People really love PAX though. If you’re a video gamer and you can’t get into E3 you want to be at PAX (held in Seattle in the summer) or PAX East (held in Boston in the spring). Video game developers show off their latest games and make fairly major announcements at PAX and gamers feel like they’re a part of something special and they’re also surrounded by tons of other fans.
One such fan is Jessica Nigri. She has the fortune of being built just like a video game character and because of this and some fantastic sewing skills she was hired to act as the human avatar of the upcoming game Lollipop Chainsaw.
The creative team behind this game, including the savvy James Gunn, actually have me excited about it and hoping it's more than the exploitative raunchfest it appears to be.
This naturally involved dressing like the character and because it’s a video game in this day in age that means she had to walk around Boston in April dressed like this:
Only PAX East officials were not okay with her outfit. See PAX East is a family friendly affair. Anyone who buys a ticket can get in and they want to make sure that little kids aren’t horrified by what their older gaming brethren are actually into.
That’s why PAX East actually goes out of its way to discourage video game companies from employing “booth babes,” hot chicks who hang around booths hoping to lure in neck beards and mouth breathers who get a rise talking to a woman in a bikini whose knowledge of video games is usually limited to whatever info was on the index card they gave her along with her thong bikini. And honestly, I’m okay with discouraging the use of booth babes. It’s REALLY awkward when I’m in a building that’s like sixty degrees Farenheit and I’m trying to learn about a game for an article and all I can really think about is how damn cold the woman in butt floss next to me must feel.
Also, you know, booth babes are maybe worse than porn when it comes to encouraging the objectification of women.
But here’s where I have to do a double take.
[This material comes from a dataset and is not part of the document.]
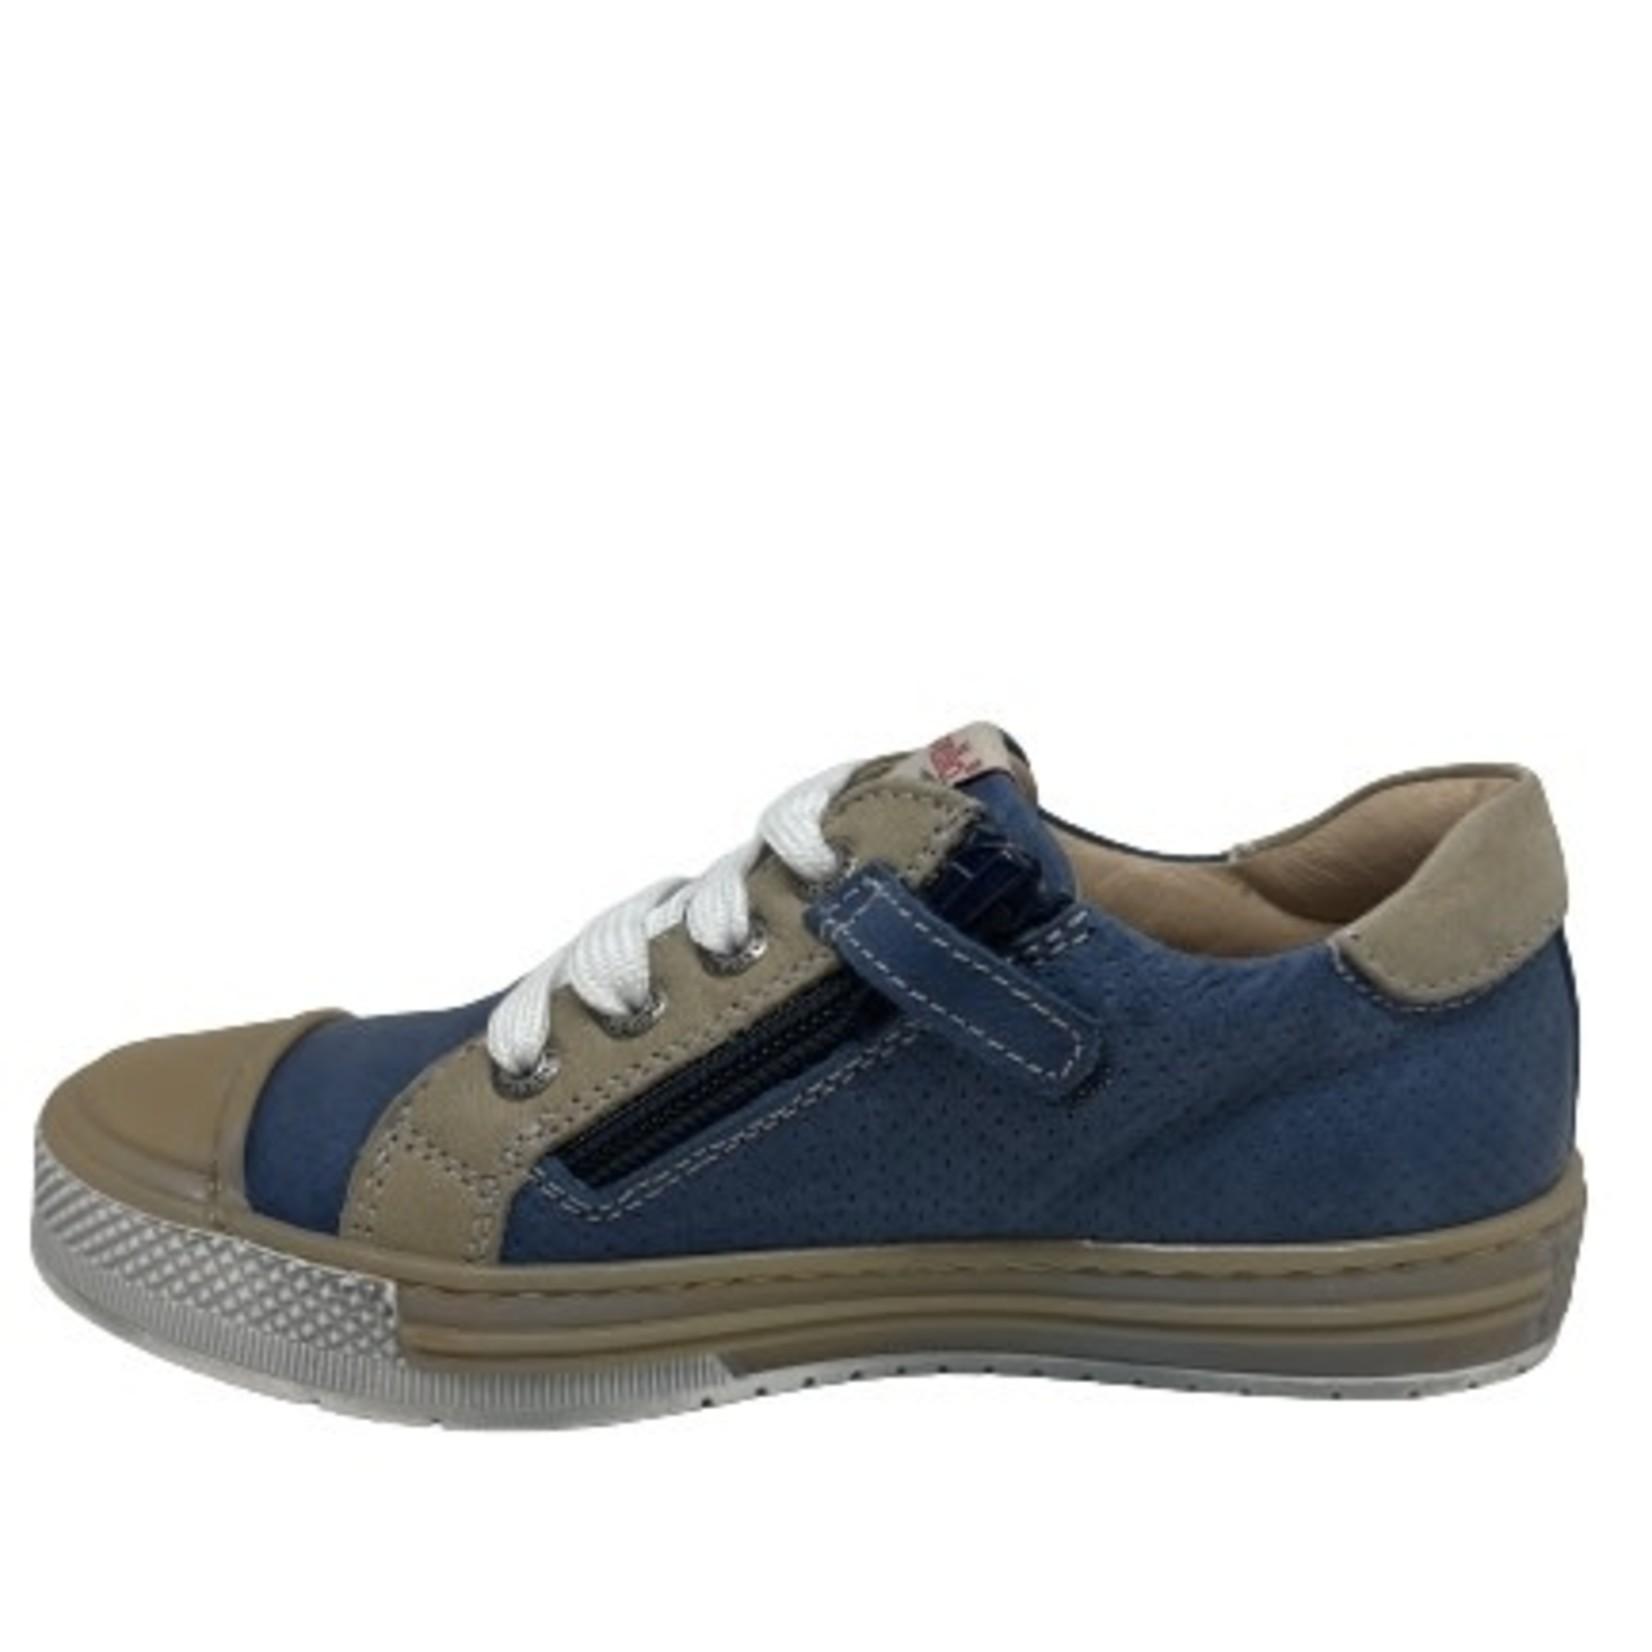 Lunella Lunella Jeans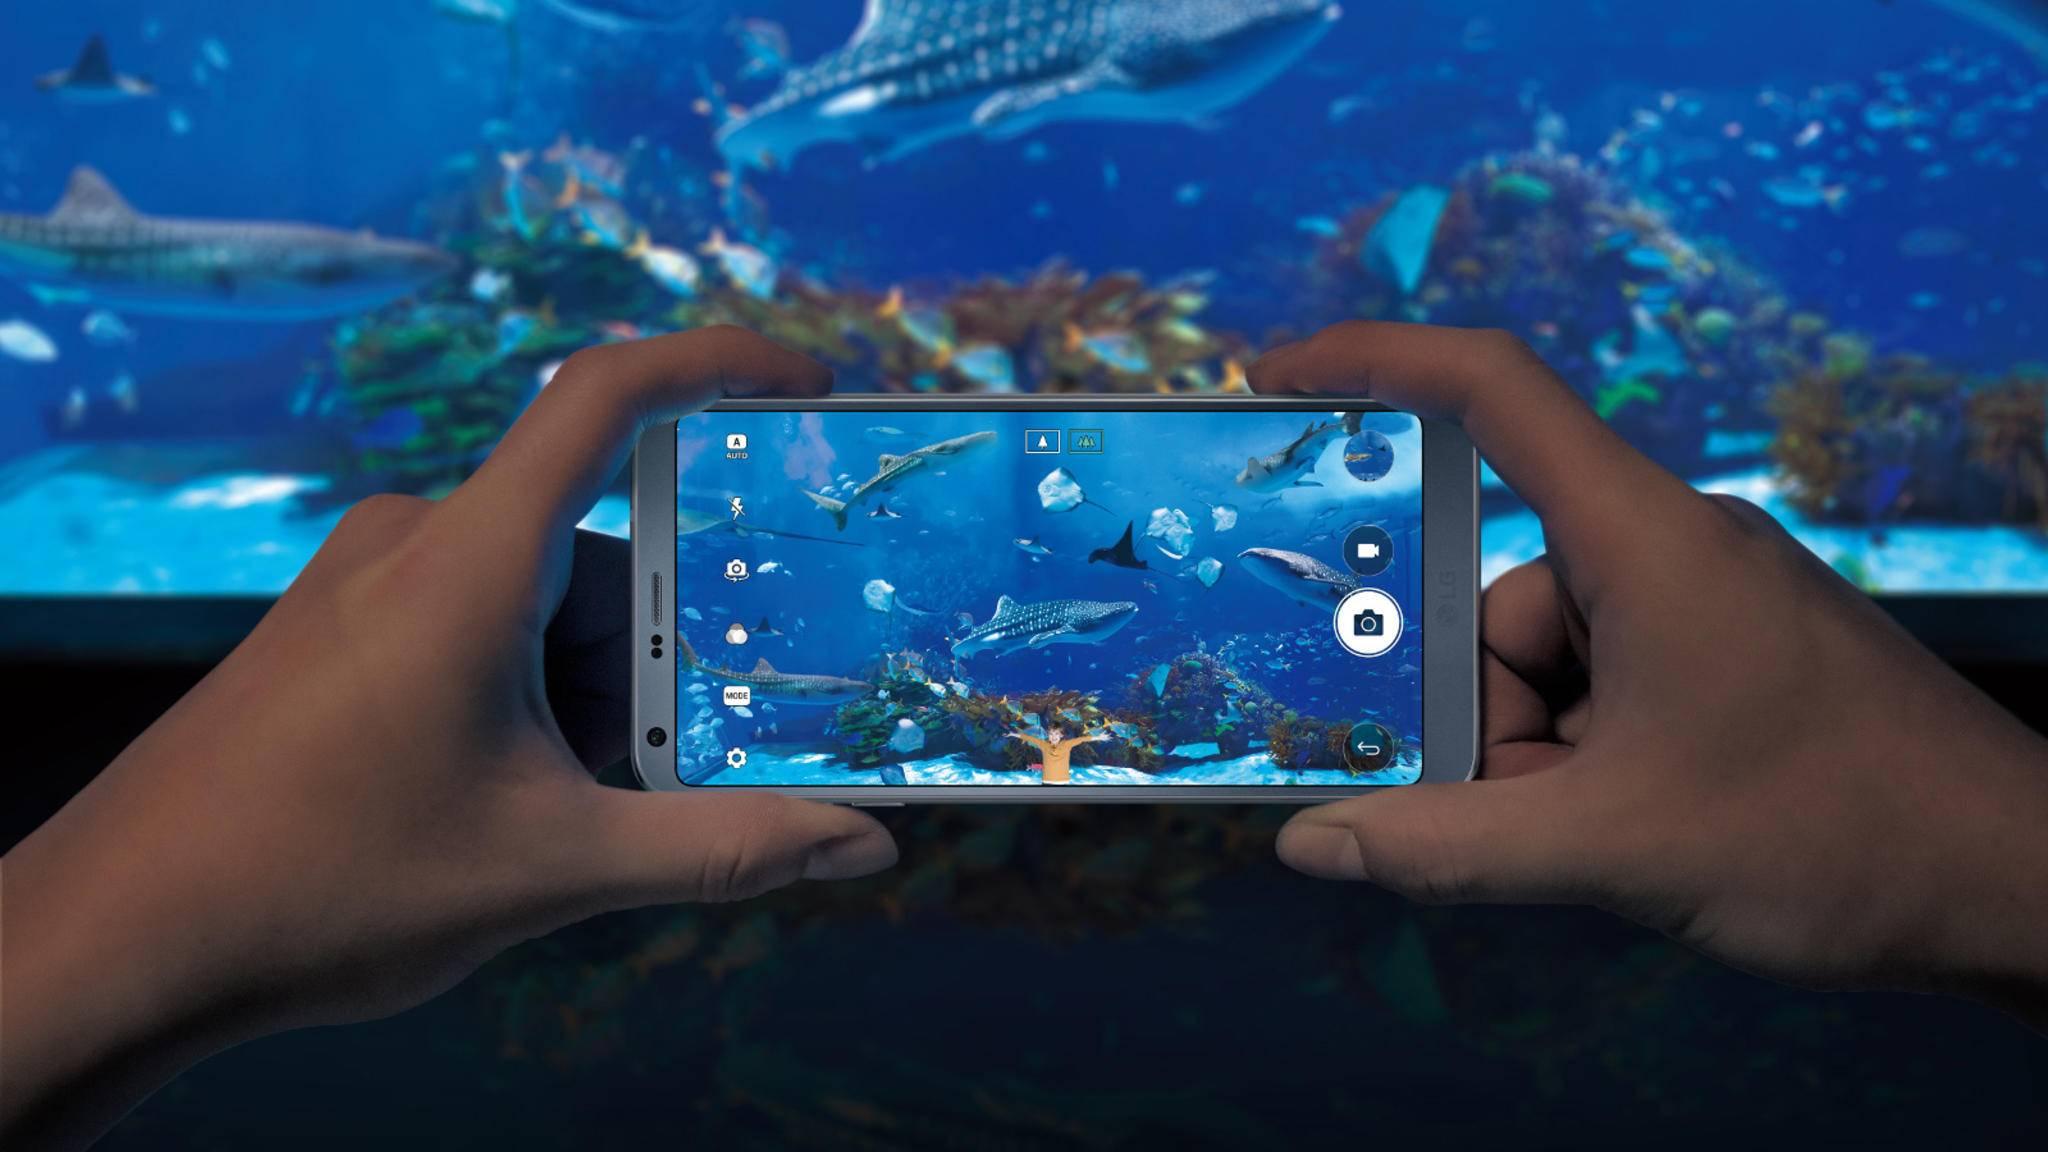 Anders als das LG G6: Das LG G7 soll einen echten High-End-Chip bekommen.

Nigiri’s outfit was allegedly too revealing for PAX and she was asked to change. The second outfit was also apparently too revealing and they suggested she throw on a sweatshirt or get the fuck out.
Because of the children.
Who could still go into the booth for the game she was hired to promote and see plenty of pictures of the character dressed in the exact same clothes.
So how exactly are they protecting the children?
I mean, if you were really worried about the children maybe refuse to allow certain games to have booths at PAX? Wouldn’t that be more useful than telling a woman to put a sweatshirt on?
I don’t know, I’m just a lame ass blogger who’s giving some major side eye to what looks like a whole mess of hypocrisy.